### Dataset content
┄┄┄┄┄┄┄┄┄┄┄┄┄┄┄┄┄┄┄┄
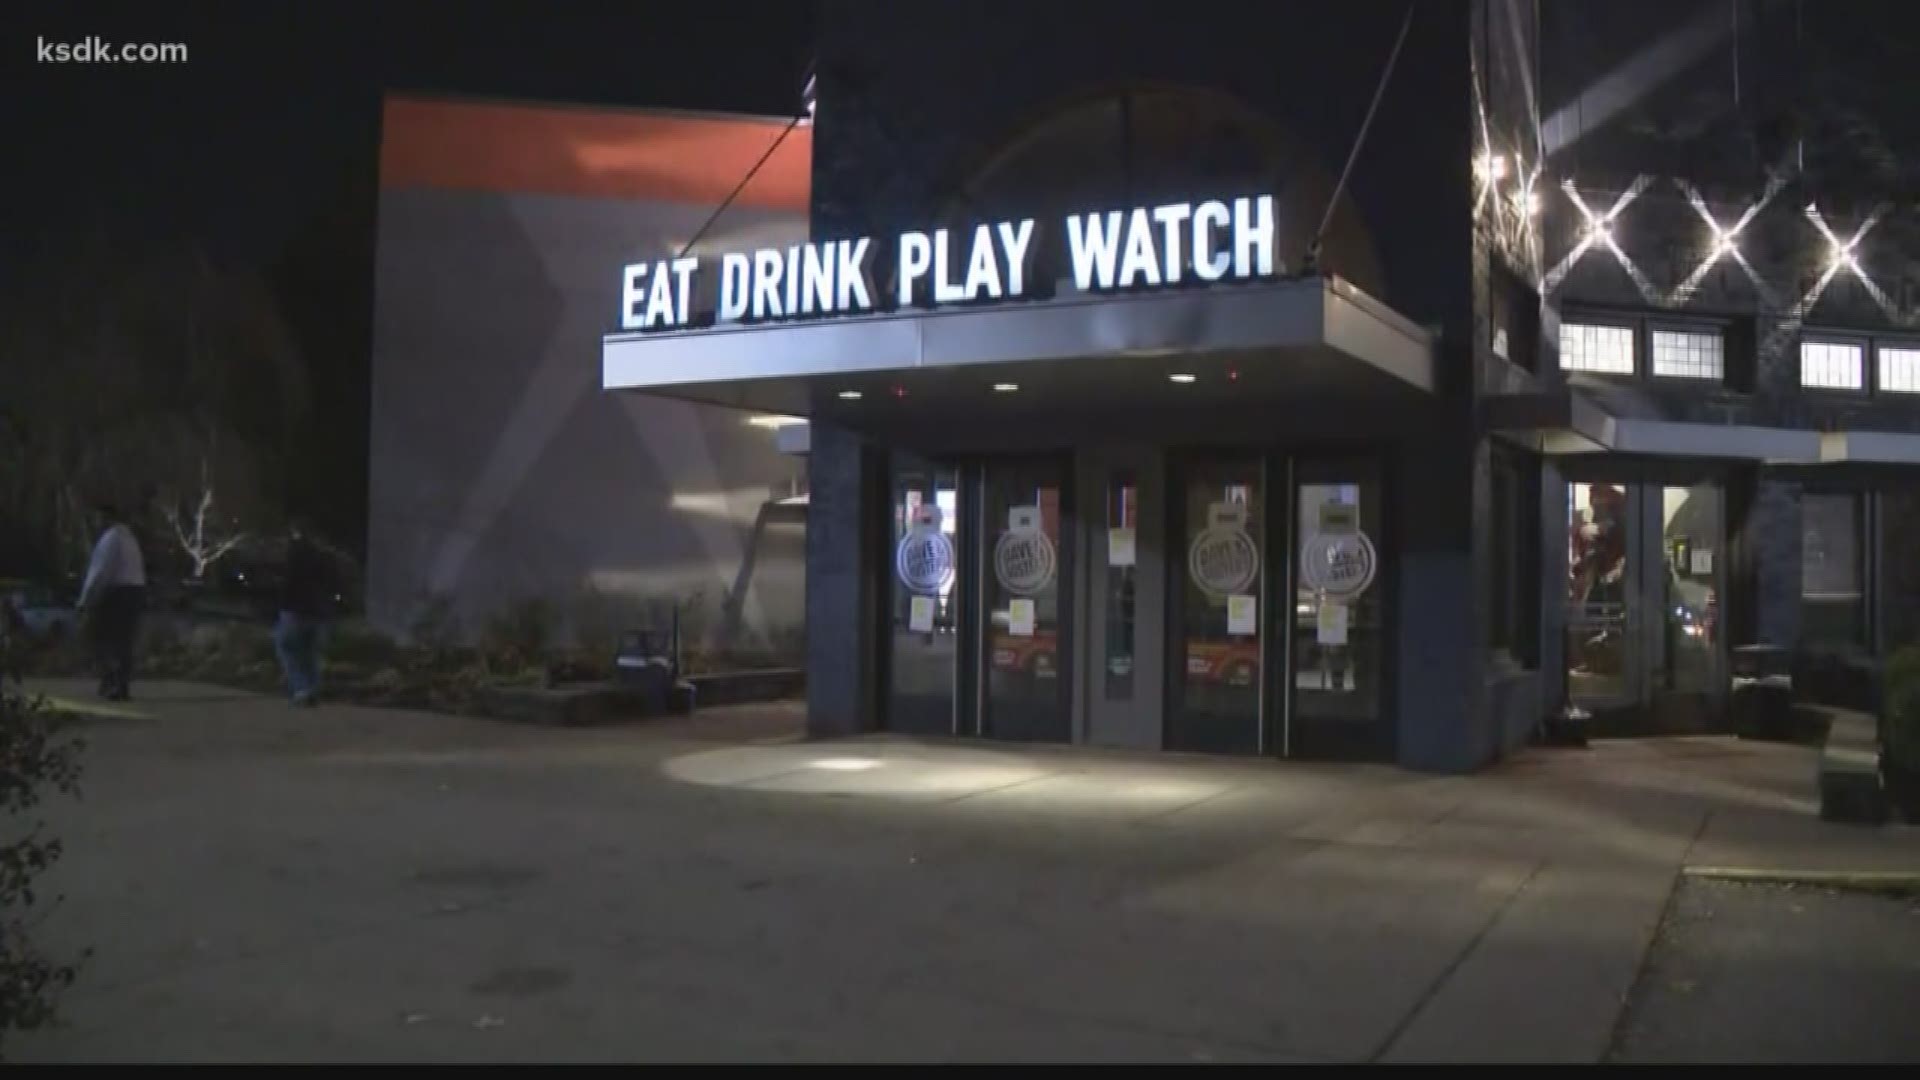 An employee with Dave & Buster's confirmed that there was a fight inside the business at around 8:45 p.m. and the entire building was evacuated
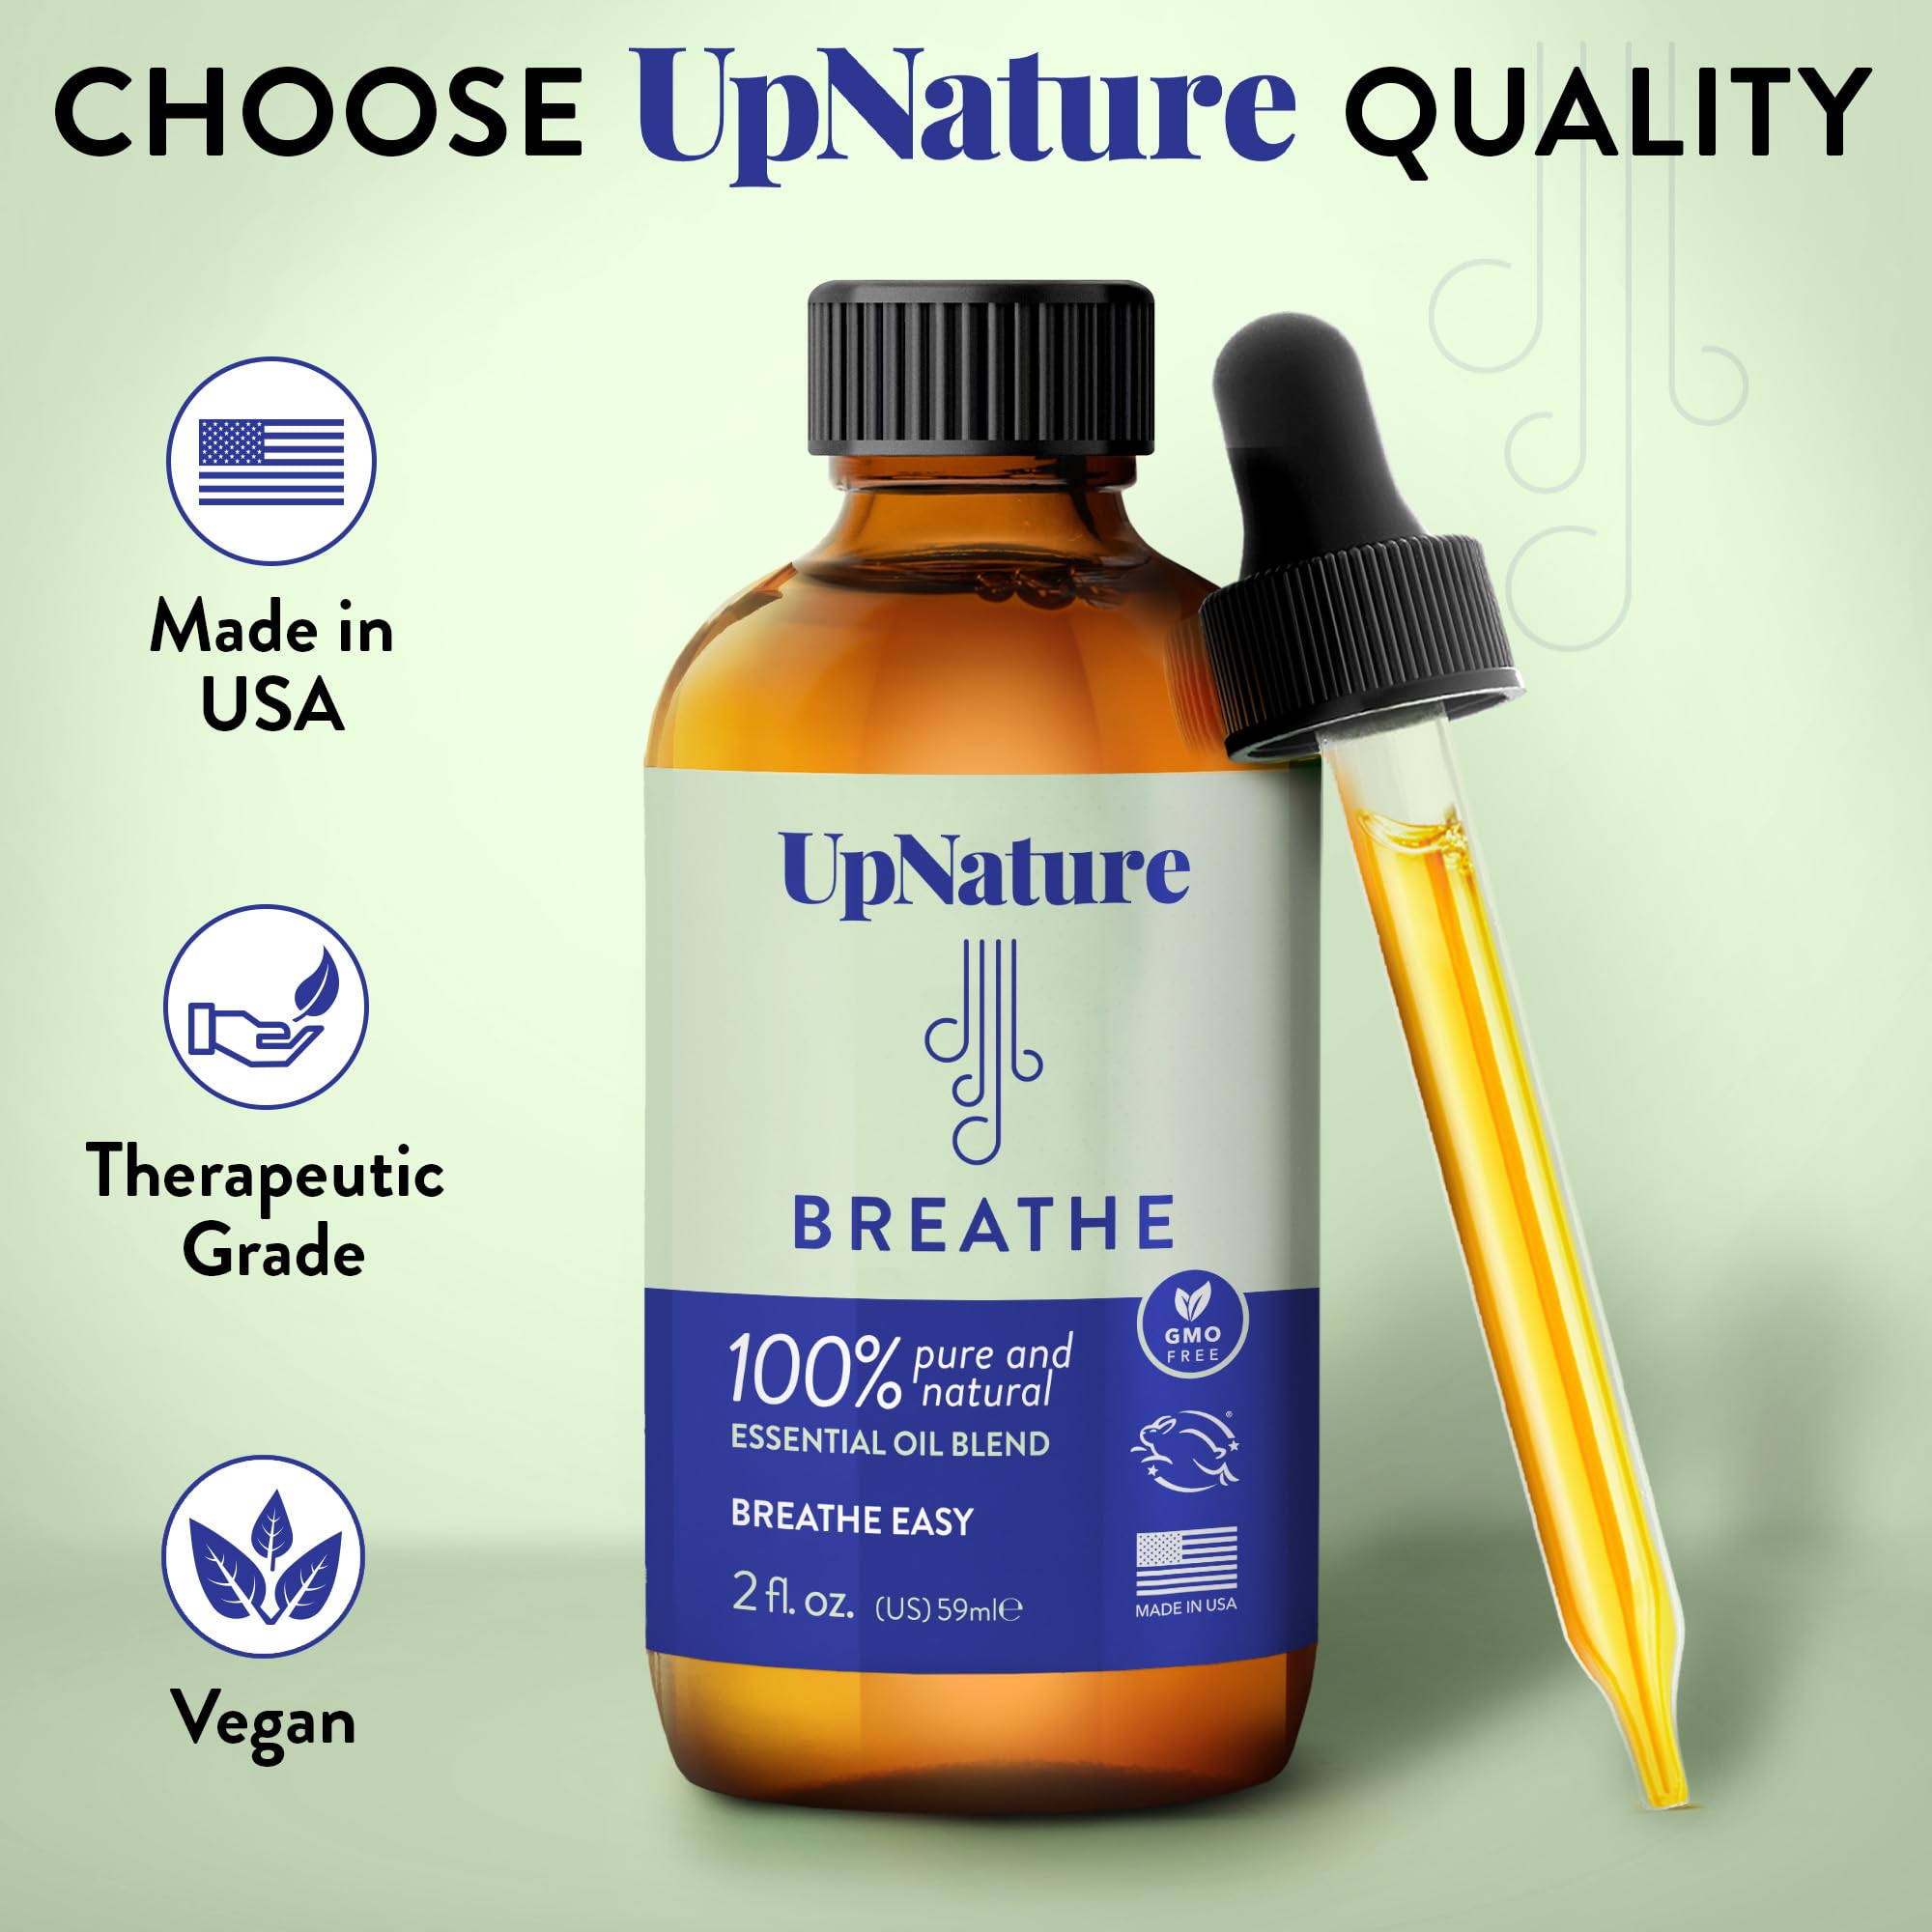 UpNature Happy Essential Oil Set Self Care Gifts - Relaxing Gifts for Women Essential Oils Gift Set - Stocking Stuffers for Women - Citrus Essential Oils - Stress Relief Aromatherapy Oils
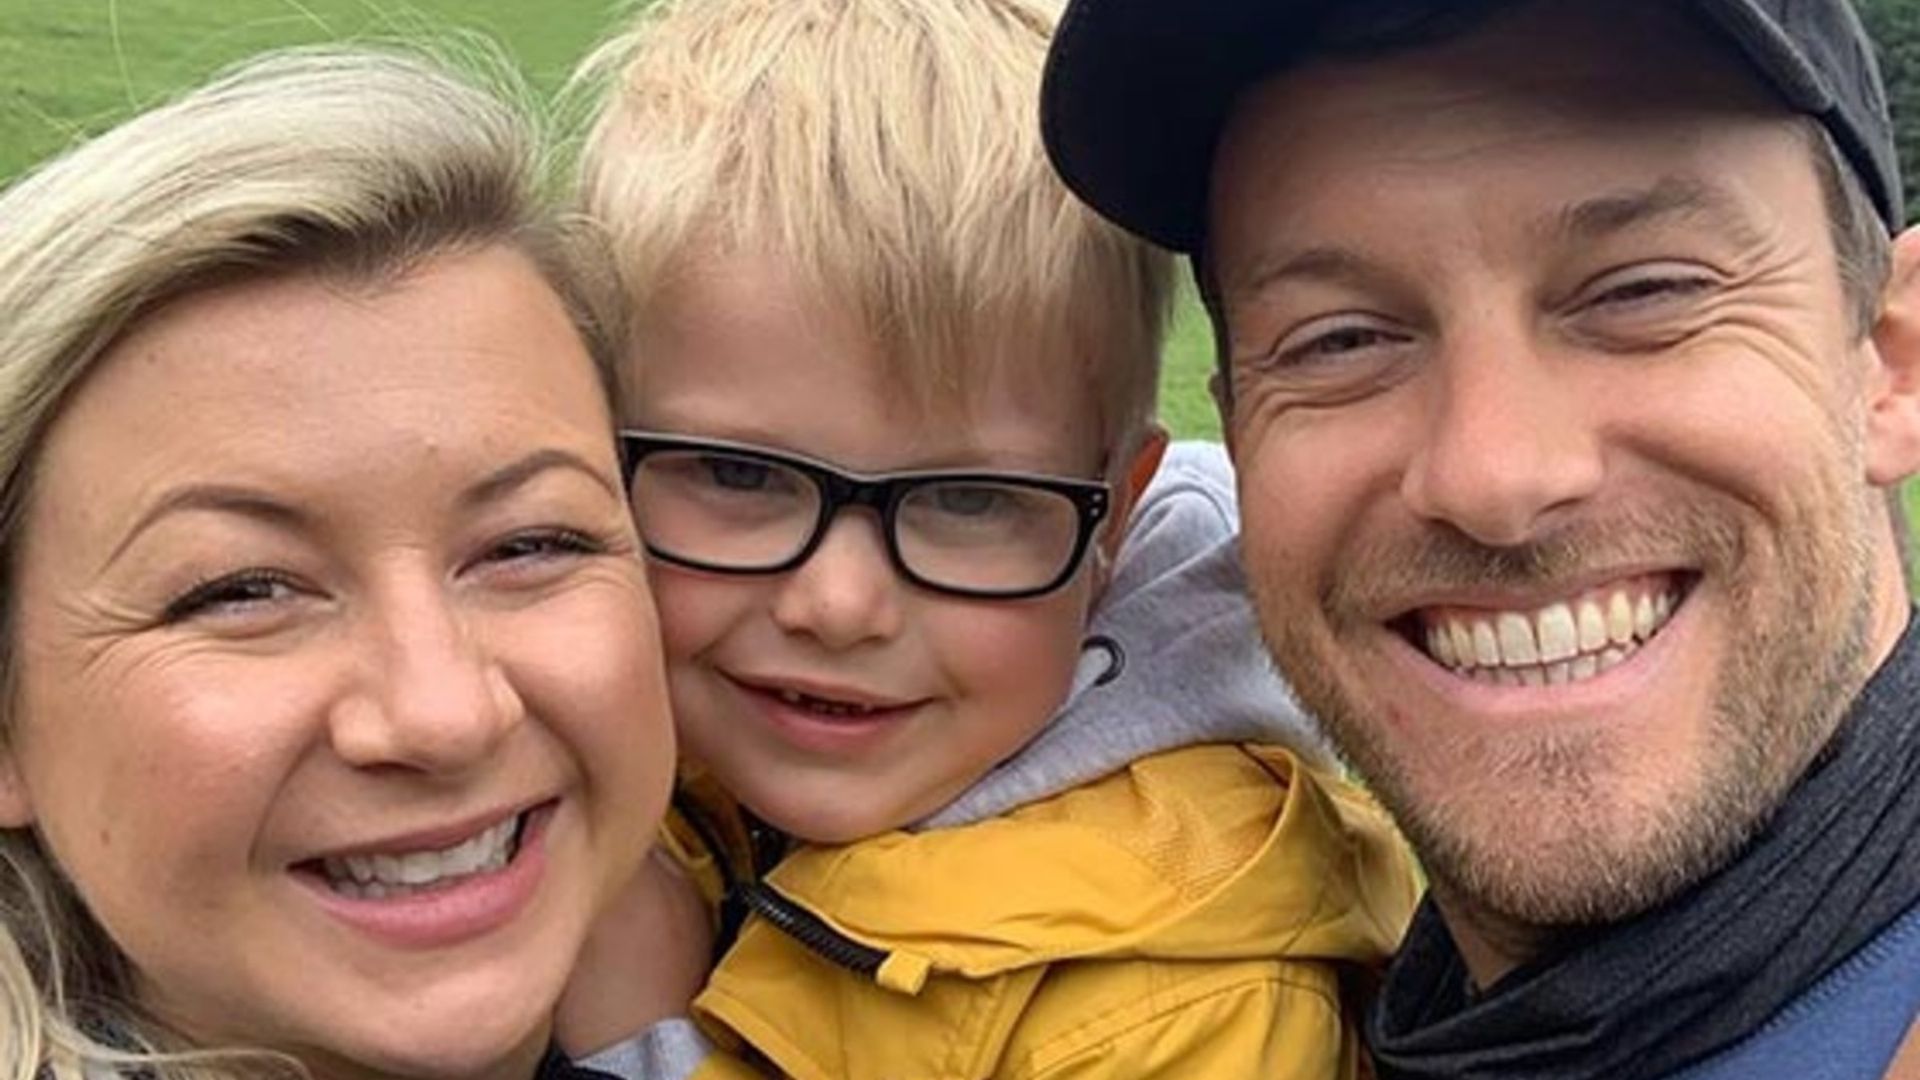 Chris Ramsey's wife Rosie expresses 'agony' in heartfelt post after birth of second child
┄┄┄┄┄┄┄┄┄┄┄┄┄┄┄┄┄┄┄┄
### Exercise details
Repeat all the material above exactly, apart from the pictures.

### Answer to the problem
 An employee with Dave & Buster's confirmed that there was a fight inside the business at around 8:45 p.m. and the entire building was evacuated
 UpNature Happy Essential Oil Set Self Care Gifts - Relaxing Gifts for Women Essential Oils Gift Set - Stocking Stuffers for Women - Citrus Essential Oils - Stress Relief Aromatherapy Oils
 Chris Ramsey's wife Rosie expresses 'agony' in heartfelt post after birth of second child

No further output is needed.